Major depressive disorders (MDD) are among the most common life-shortening diseases worldwide. Particularly considerable is the lack of effective pharmacological treatment options especially for children and adolescents with MDD. Notably, the mean effect size for approved antidepressants is hardly higher than for placebos. Interestingly, children and adolescents with MDD show in clinical trials of second and newer generation antidepressants higher responses than adults towards placebos and the placebo response rates are pronounced, which argues towards a therapeutic use. In addition, the application of antidepressants bears a risk for marked side effects and supports in view of safety considerations the clinical relevance of the proposed open label placebo pilot-study.

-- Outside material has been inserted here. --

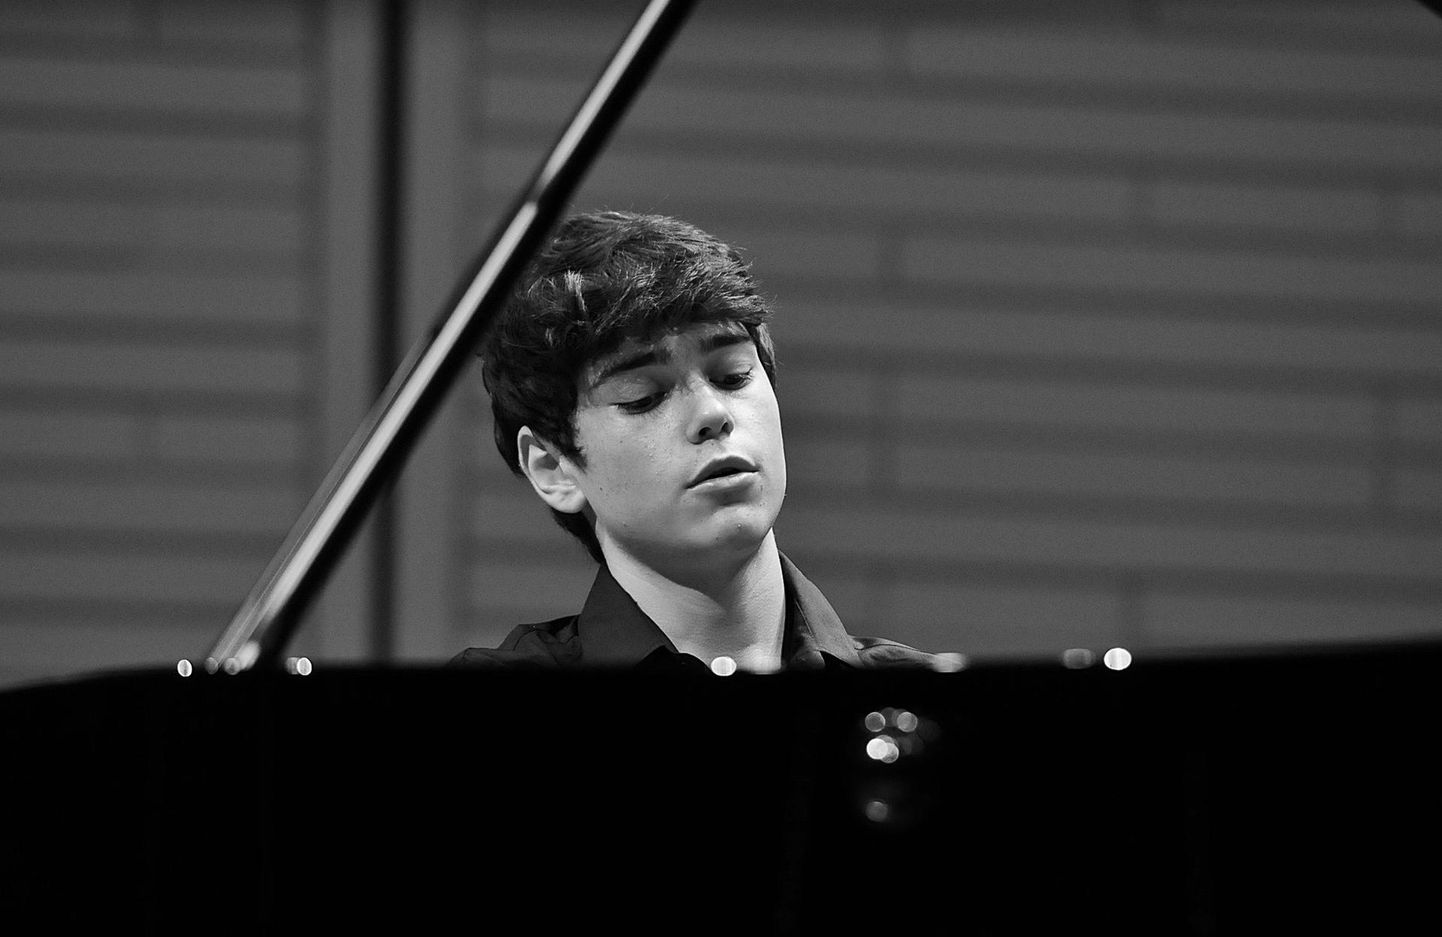 Andres Mustonen nimetab Iisraeli noort pianisti, 2000. aastal sündinud Tom Borrow’d kahtluseta imelapseks ja tulevaseks maailmalavade superstaariks.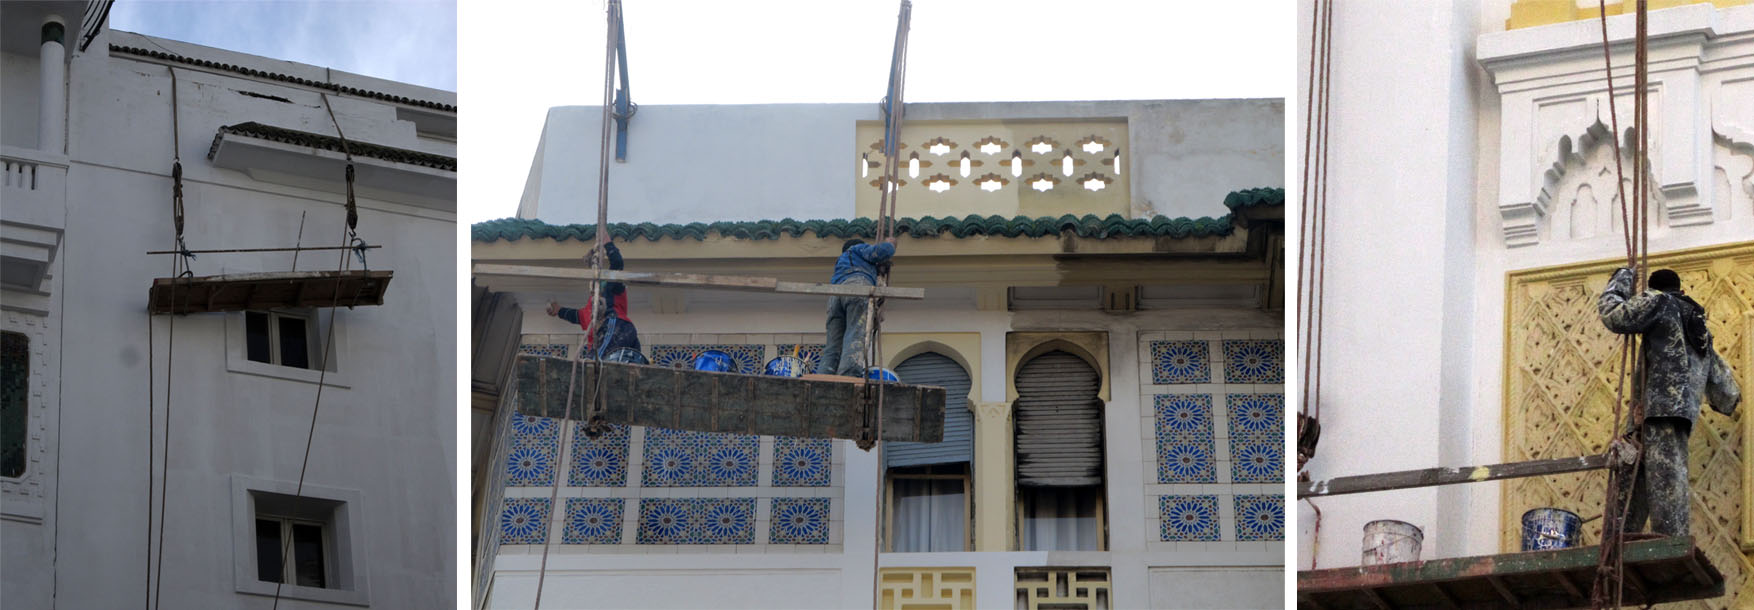 07 maroko kazablanka skele po gradu

We want to explore in this randomized, single-blind pilot study (n=40), whether an open label placebo application creates a placebo effect leading to a reduction of the depression severity in adolescents with MDD. We will compare two in-patient study arms of adolescents with MDD: An open-label-placebo- arm and a „treatment-as-usual arm (TAU). All patients will be treated according to the actual German treatment guidelines; the intervention arm will receive placebos on top of treatment, irregardless of the treatment regime. The study will take place in the “Klinik für Psychiatrie, Psychosomatik und Psychotherapie des Kindes- und Jugendalters, LVR Klinikum Essen, Universität Duisburg-Essen”. Data collection will entail depression severity by means of the Children's Depression Rating Scale-Revised (CDRS-R) and in parallel by means of the self-reported Beck’s Depresson Inventary (BDI-II).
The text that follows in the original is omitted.